People mostly use kubernetes for one of the following benefits:
- Development velocity
- Scaling (of both software and teams)
- Abstracting your infrastructure
- Efficiency
- Cloud native ecosystem
The core concepts that enable this are:
- Immutability: Immutable container images are at the core of everything that you will build in Kubernetes
- Declarative configuration : While imperative commands define actions, declarative configurations define state.
- Online self-healing systems: Kubernetes continuously takes actions to ensure that the current state matches the desired state.
- Shared reusable libraries and tools
Kubernetes achieves scalability by favoring decoupled architectures.
- Decoupling: In a decoupled architecture, each component is separated from other components by defined APIs and service load balancers.
- Easy Scaling for Applications and Clusters: Because your containers are immutable, and the number of replicas is merely a number in a declarative config,scaling your service upward is simply a matter of changing a number in a configura‐tion file, asserting this new declarative state to Kubernetes, and letting it take care of the rest. Kubernetes can simplify forecasting future compute costs.
- Scaling Development Teams with Microservices: Kubernetes provides numerous abstractions and APIs that make it easier to build these decoupled microservice architectures: Pods, Kubernetes services, Namespaces, Ingress. Decoupling the application container image and machine means that different microservices can colocate on the same machine without interfering with one another, reducing the overhead and cost of microservice architectures.
- Separation of Concerns for Consistency and Scaling: The decoupling and separation of concerns produced by the Kubernetes stack lead to significantly greater consistency for the lower levels of your infrastructure.
The move to application-oriented container APIs like Kubernetes has two concrete benefits. First, it separates developers from specific machines. Kubernetes has a number of plug-ins that can abstract you from a particular cloud.
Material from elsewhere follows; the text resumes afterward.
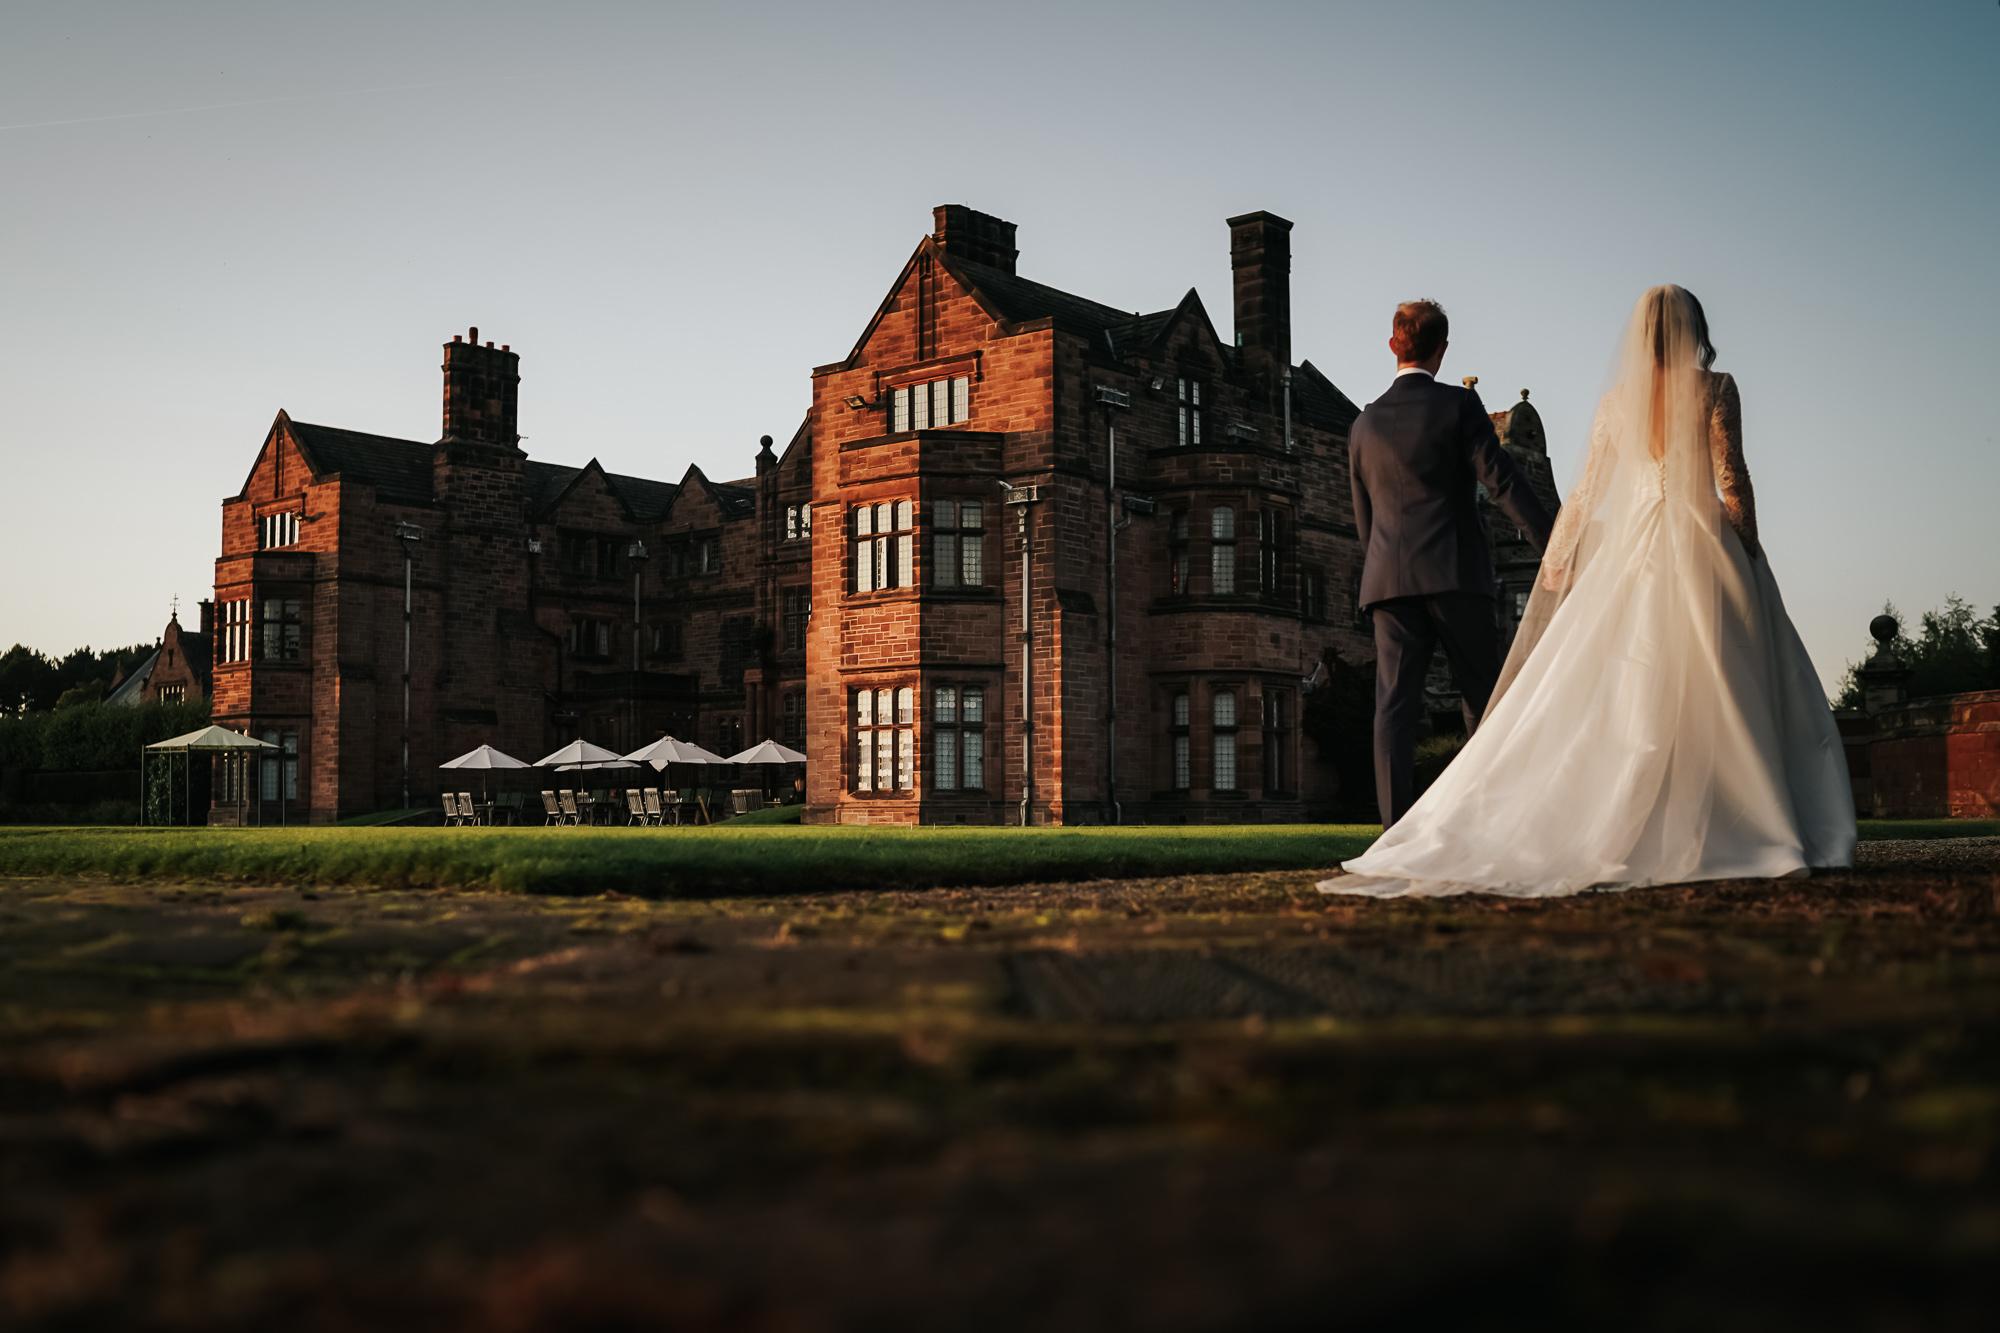 Thornton Manor Cheshire wedding photographer Wedding Photography Cheshire wedding photographer (56 of 64).jpg

- Kubernetes provides tools that automate the distribution of applications across a cluster of machines, ensuring higher levels of utilization than are possible with traditional tooling.
- A further increase in efficiency comes from the fact that a developer’s test environ‐ment can be quickly and cheaply created as a set of containers running in a personal view of a shared Kubernetes cluster (using a feature called namespaces).
Following the lead of Kubernetes (and Docker and Linux before it), most of these projects are also open source. This means that a developer beginning to build does not have to start from scratch. In the years since it was released, tools for nearly every task, from machine learning to continuous development and serverless programming models have been built for Kubernetes. Indeed, in many cases the challenge isn’t finding a potential solution, but rather deciding which of the many solutions is best suited to the task. The wealth of tools in the cloud native ecosystem has itself become a strong reason for many people to adopt Kubernetes.